The privacy dimension is also interesting. If the model becomes widespread, privacy-focused protocols may depend less on the public mempool. This could make privacy tools far more practical for everyday users.
Buterin has also laid out a roadmap for quantum resistance. There are four critical areas: validator signatures, data storage, user account signatures, and zero-knowledge proofs. As computer capabilities evolve, preparing for post-quantum cryptography seems unavoidable.
According to Strawmap’s predictions, local account abstraction is expected to be introduced in the second half of 2026. Since we’re currently in April 2026, that’s quite close. In the same timeframe, scaling improvements are also coming—shorter slot times and faster finality.
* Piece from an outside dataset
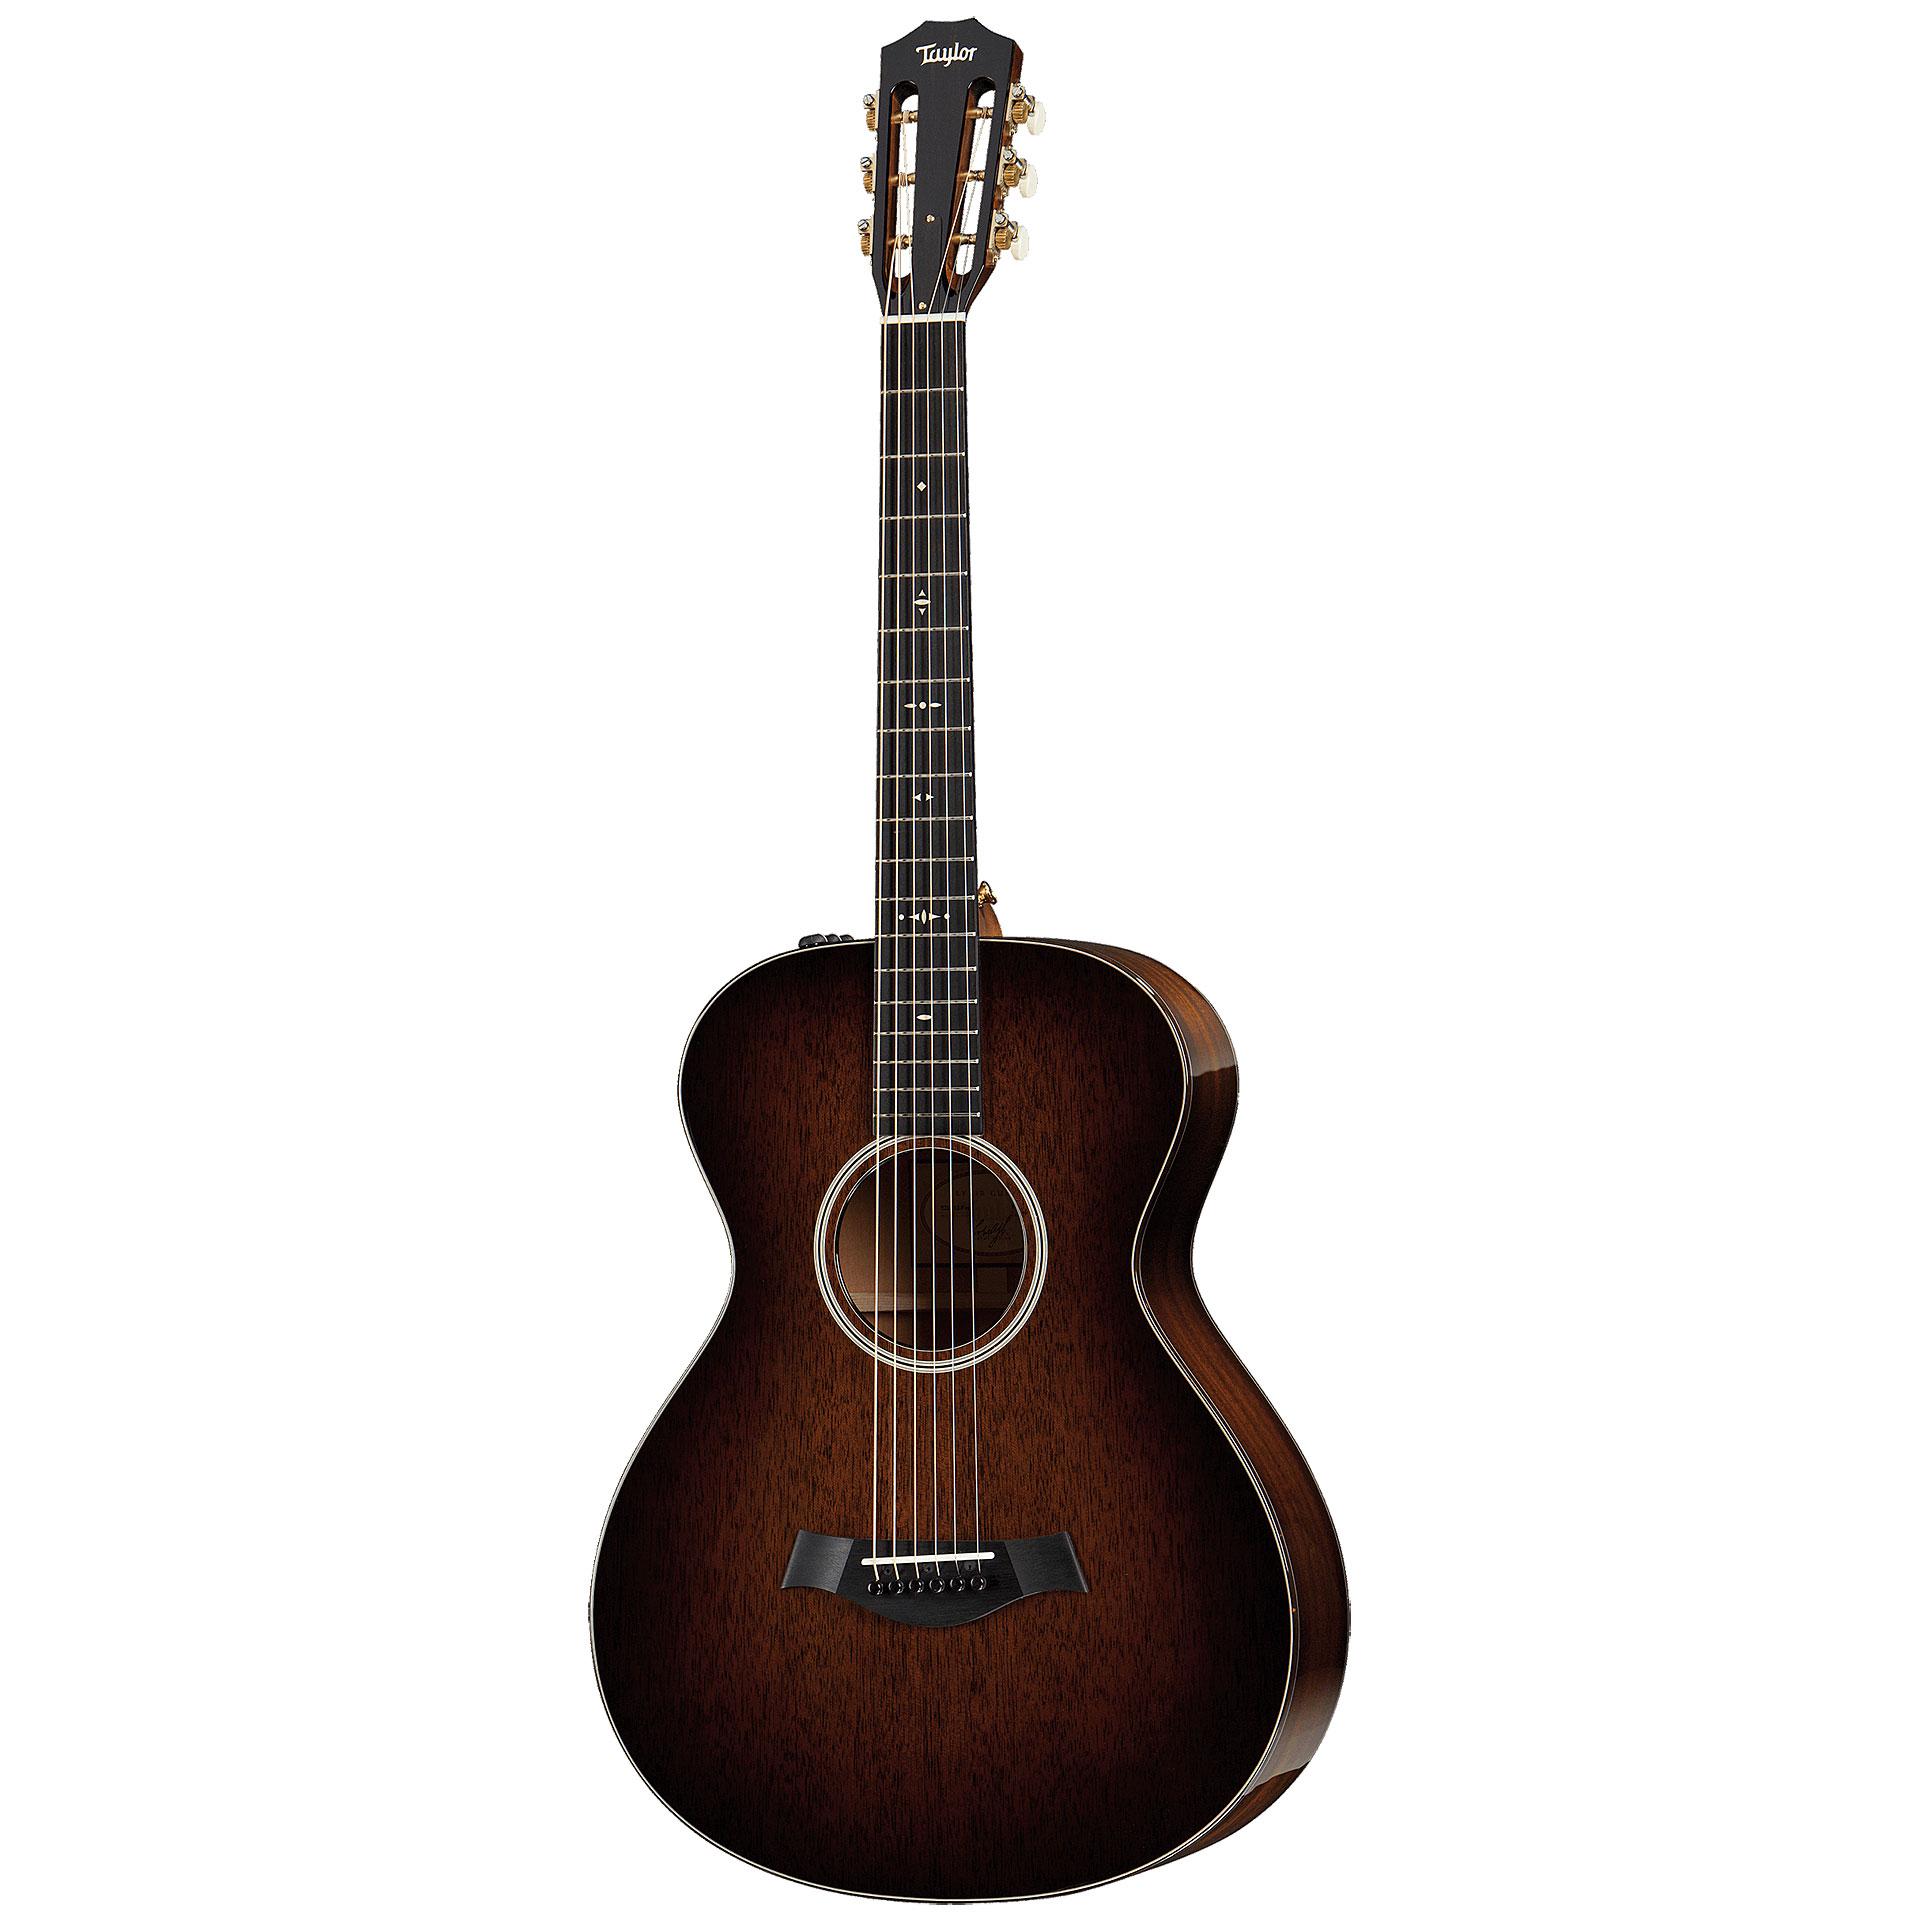 taylor 522e 12 fret acoustic guitar. Black Bedroom Furniture Sets. Home Design Ideas

This will significantly increase Ethereum’s speed and efficiency.
Technically, it may seem complex, but the practical outcomes are simple: wallets will be more flexible, transactions will be cheaper and faster, and privacy will be better protected. For developers and users alike, this will be a rapid transformation—like a flash sequence. The ecosystem is closely watching, and these milestones signal the beginning of the shift from theory to practice. This is truly an important step on Ethereum’s development path.